Data classes are also a natural fit for safe, mechanical externalization (serialization, marshaling to and from JSON or XML, mapping to database rows, etc). If a class is a transparent carrier for a state vector, and the components of that state vector can in turn be externalized in the desired encoding, then the carrier can be safely and mechanically marshaled and unmarshaled with guaranteed fidelity, without the security and integrity risks of bypassing the constructor (as built-in serialization does). In fact, a transparent carrier need not do anything special to support externalization; the externalization framework can deconstruct the object using its deconstruction pattern, and reconstruct it using its constructor, which are already public.

Formalizing the requirements

Let's formalize this notion a bit, so we can use this to evaluate potential design choices. We say a class C is a transparent carrier for a state vector S if:

This means that C has a constructor (or factory) which accepts the state vector S, and accessors (or a deconstruction pattern) which produces the components of S, and that for any valid instance, extracting the state vector and then reconstructing an instance from that state vector produces an instance equivalent to the original. Similarly, constructing instances from equivalent state vectors produces equivalent instances. (Mathematically inclined readers will spot the embedding-projection pair.) Moreover any additional operations on equivalent instances produce equivalent results and preserve the equivalence of the instances.

These invariants are an attempt to capture our requirements; that the carrier is transparent, and that there is a simple and predictable relationship between the classes representation, its construction, and its destructuring -- that the API is the representation.

Note that so far, we haven't said anything about syntax or boilerplate; we've only talked about constraining the semantics of the class to be a simple carrier for a specified state vector. But these constraints allow us to safely and mechanically generate the boilerplate for constructors, pattern extractors, accessors, equals(), hashCode(), and toString(), externalization, and more.

A starting point

The simplest -- and most draconian -- model for data classes is to say that a data class is a final class with public final fields for each state component, a public constructor and deconstruction pattern whose signature matches that of the state description, and state-based implementations of the core Object methods, and further, that no other members (or explicit implementations of the implicit members) are allowed. This is essentially the strictest interpretation of a nominal tuple.

This starting point is simple and stable -- and nearly everyone will find something to object to about it. So, how much can we relax these constraints without giving up on the semantic benefits we want? Let's look at some directions in which the draconian starting point could be extended, and their interactions.

Interfaces and additional methods

One obvious direction for relaxing this model is to allow data classes to implement interfaces or to declare methods that operate on their state.

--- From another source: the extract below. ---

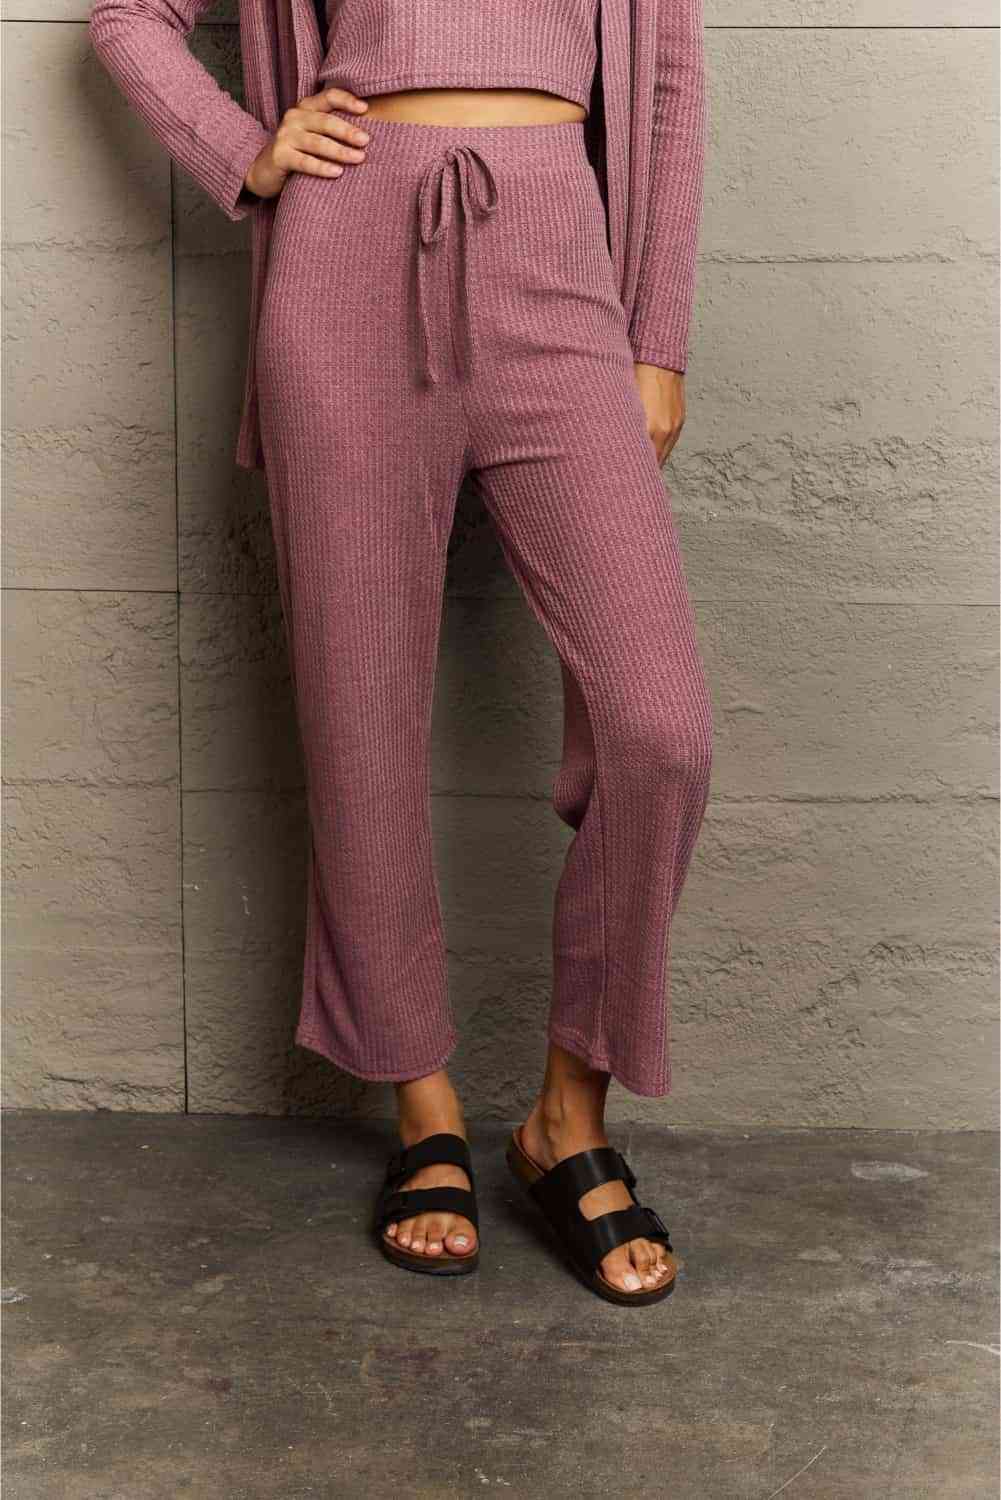 Closer view of pants from 3 piece lounge set in mauve

No one could claim that the following class violates the spirit of data-class-ness:

record Point(int x, int y) {
    boolean isOrigin() {
        return x == 0 && y == 0;
    }
}

The method isOrigin() merely computes a derived property of the state; the obvious place to put this is in the class that models the state. Similarly, no one could object to having Point implement Comparable<Point>.

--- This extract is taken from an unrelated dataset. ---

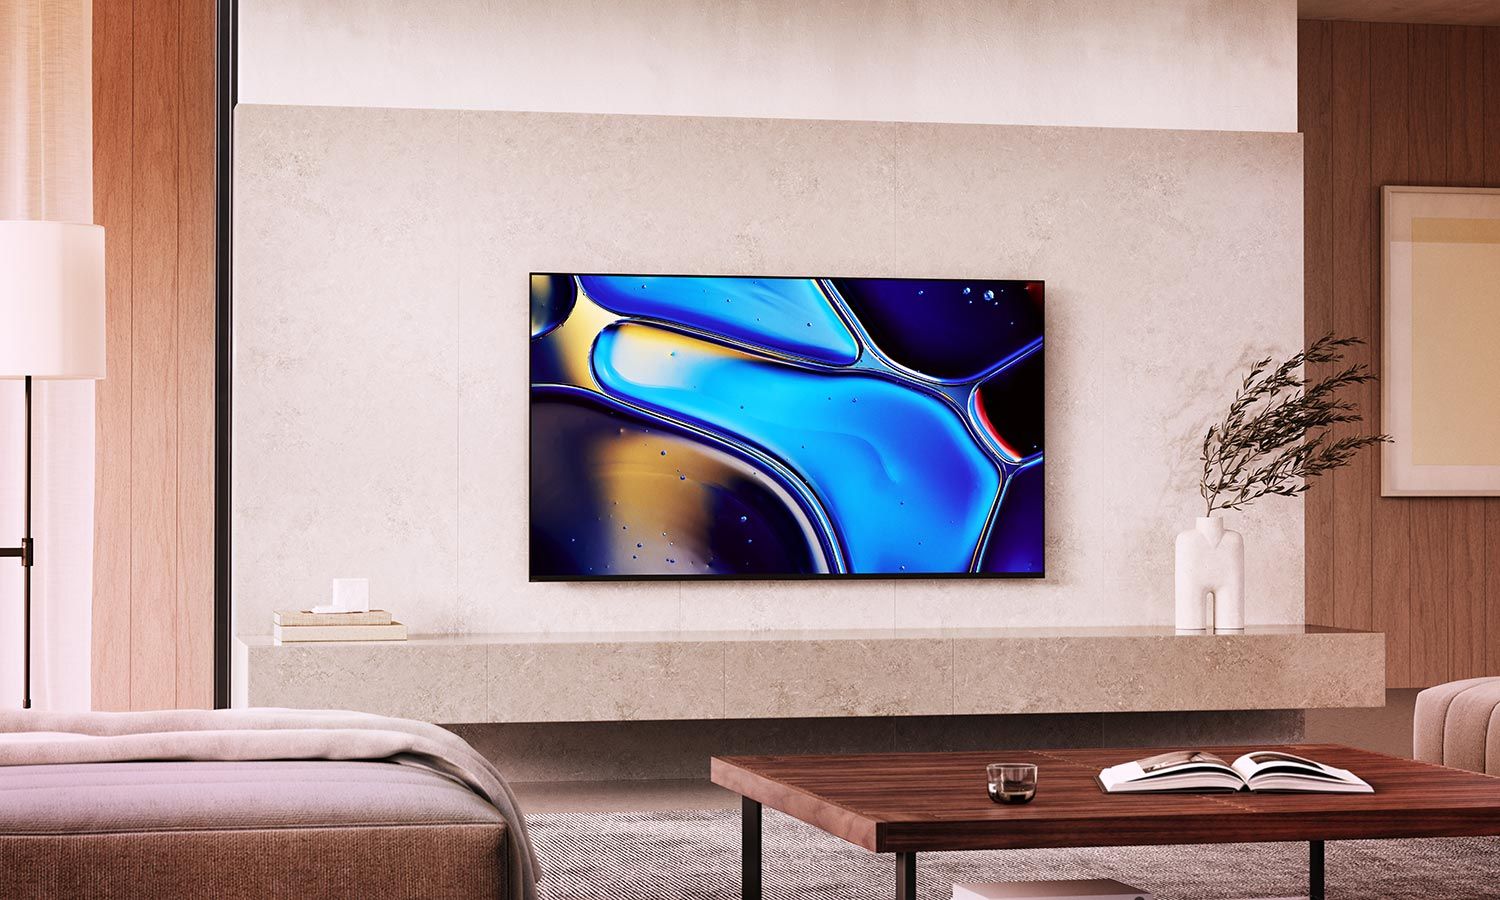 A flat-screen TV mounted on a light-colored wall, displaying a colorful abstract image in a stylish living room with a minimalist design.

However, even allowing additional methods is stepping onto a slippery slope; if the method's behavior depends on anything other than the state of the object (including depending on the identity of the instance), then we've violated our "nothing but the state" rule.

Overriding implicit members

The default implementations of constructors and Object methods is likely to be what is desired in a lot of cases, but there may be cases where we want to refine these further, such as a constructor that enforces validity constraints, or an equals() method that compares array components by content rather than delegating to Object.equals(). The natural way to denote this would be to declare explicit versions of these members, and have this suppress the generation of the implicit member.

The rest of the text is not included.